Portside - President Barack Obama announced last month that he plans to further delay the withdrawal of U.S. troops from Afghanistan, leaving at least 8,400 forces in the country after January instead of honoring his most recent pledge to cut numbers to 5,500.
But now, a new report compiled by the Congressional Research Service, which produces reports for members of Congress, reveals that the number of U.S. service members in Afghanistan is dwarfed by the nearly 29,000 Department of Defense private contractors in the country, outnumbering American troops three to one.
“As of March 2016, there were approximately 28,600 DOD contractor personnel in Afghanistan, compared to 8,730 U.S. troops,” states the report, authored by Heidi Peters, Moshe Schwartz and Lawrence Kapp.

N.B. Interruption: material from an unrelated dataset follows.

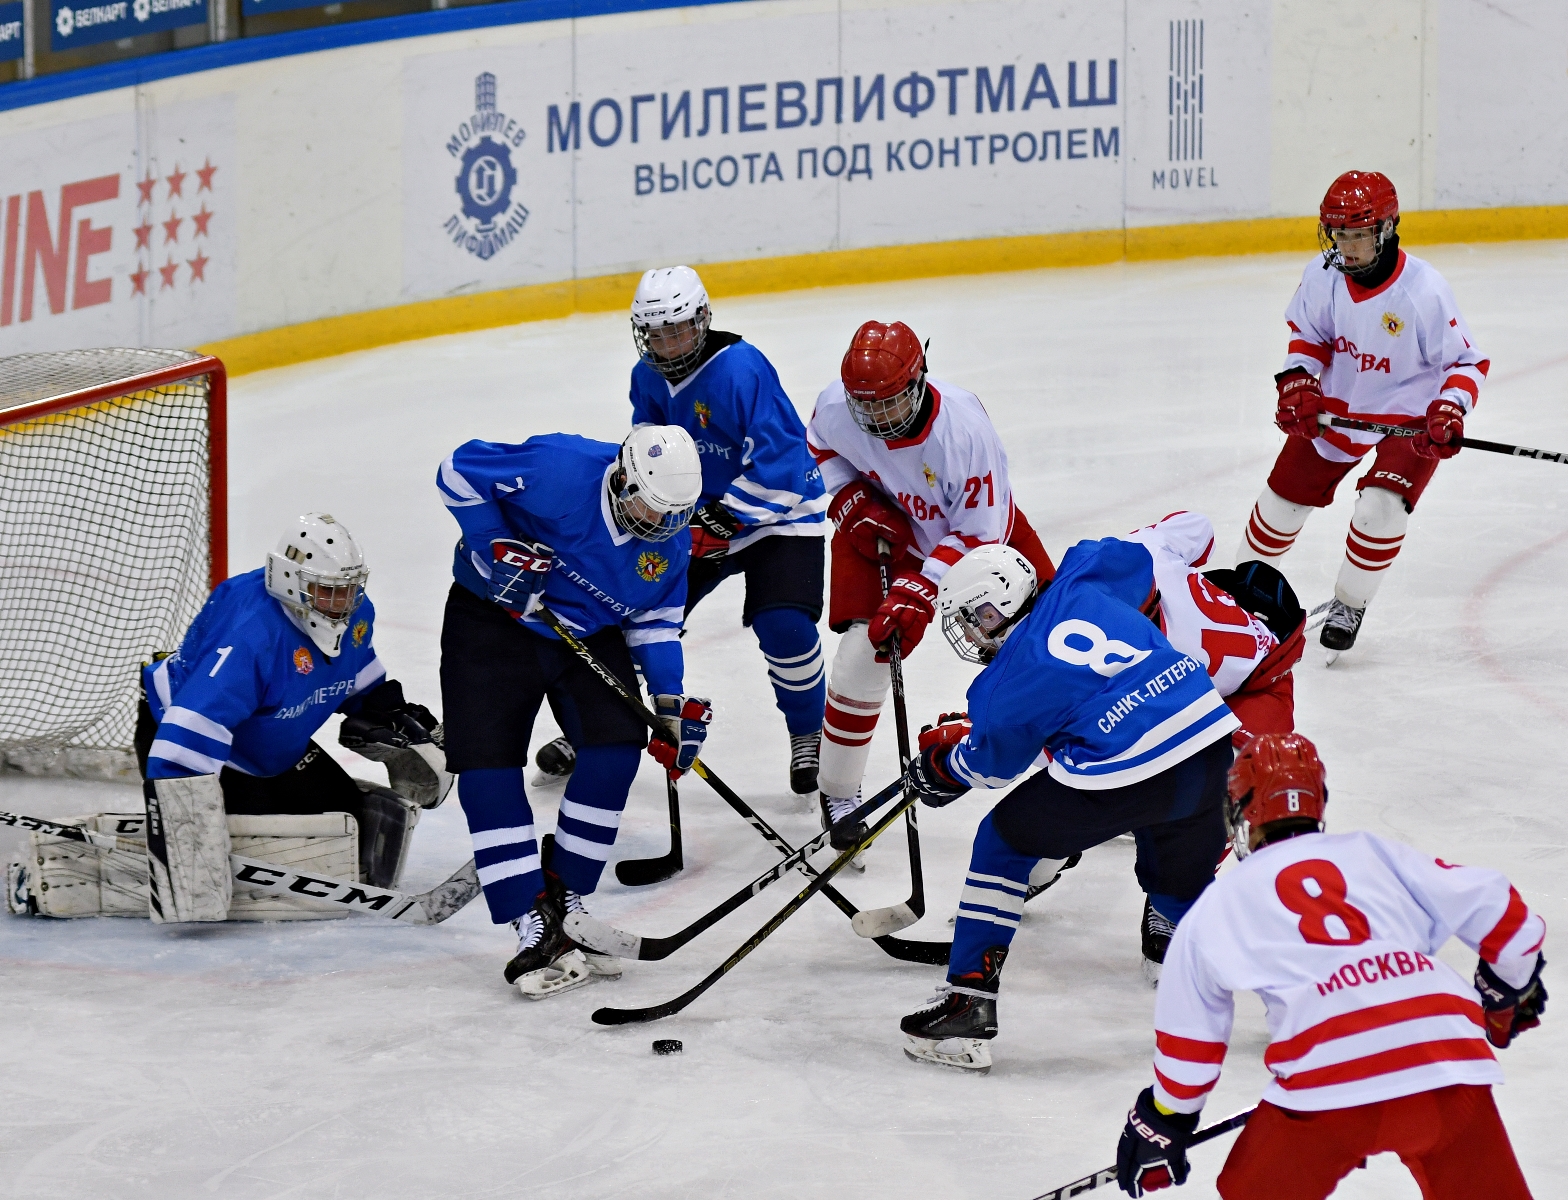 Сборная Москвы по хоккею. Фото команды Аякс 2009.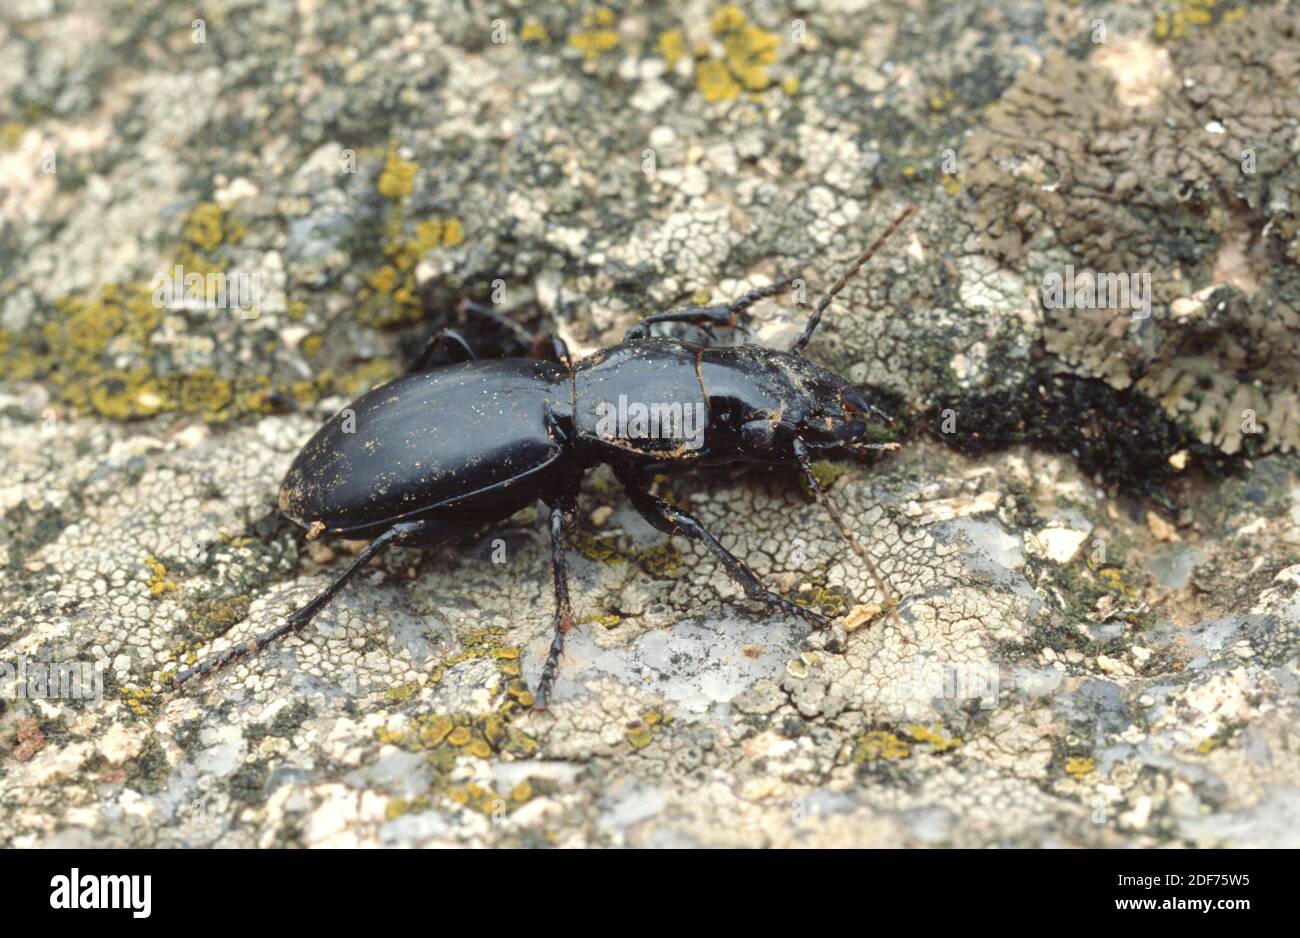 El escarabajo de la tierra (Broscus cephalotes) es un insecto nativo de Europa. Foto de stock

Such private contractors comprise 77 percent of the total DOD presence in Afghanistan, the authors conclude.
According to the report, which examines the federal years 2007 to 2016, there have been more private contractors than U.S. troops in Afghanistan since the middle of 2011. But that gap has continued to grow, with a staggering 117,000 contractors and 88,000 U.S. troops deployed to Afghanistan in 2012.
2 comments:
Paid goons: when you absoultely, positvely can't stand being honest with yourself, the American people, even the Taliban.
"A George W. Bush concept, now run by Obama Industries."
Only a complete fool, or a person suffering a severe case of Potomac fever could possibly believe that democracies should employ mercenaries to run an empire. And this one happens to be bankrupting us, making the employers of mercenaires guilty of not only crimes against humanity, but of theft from the American public.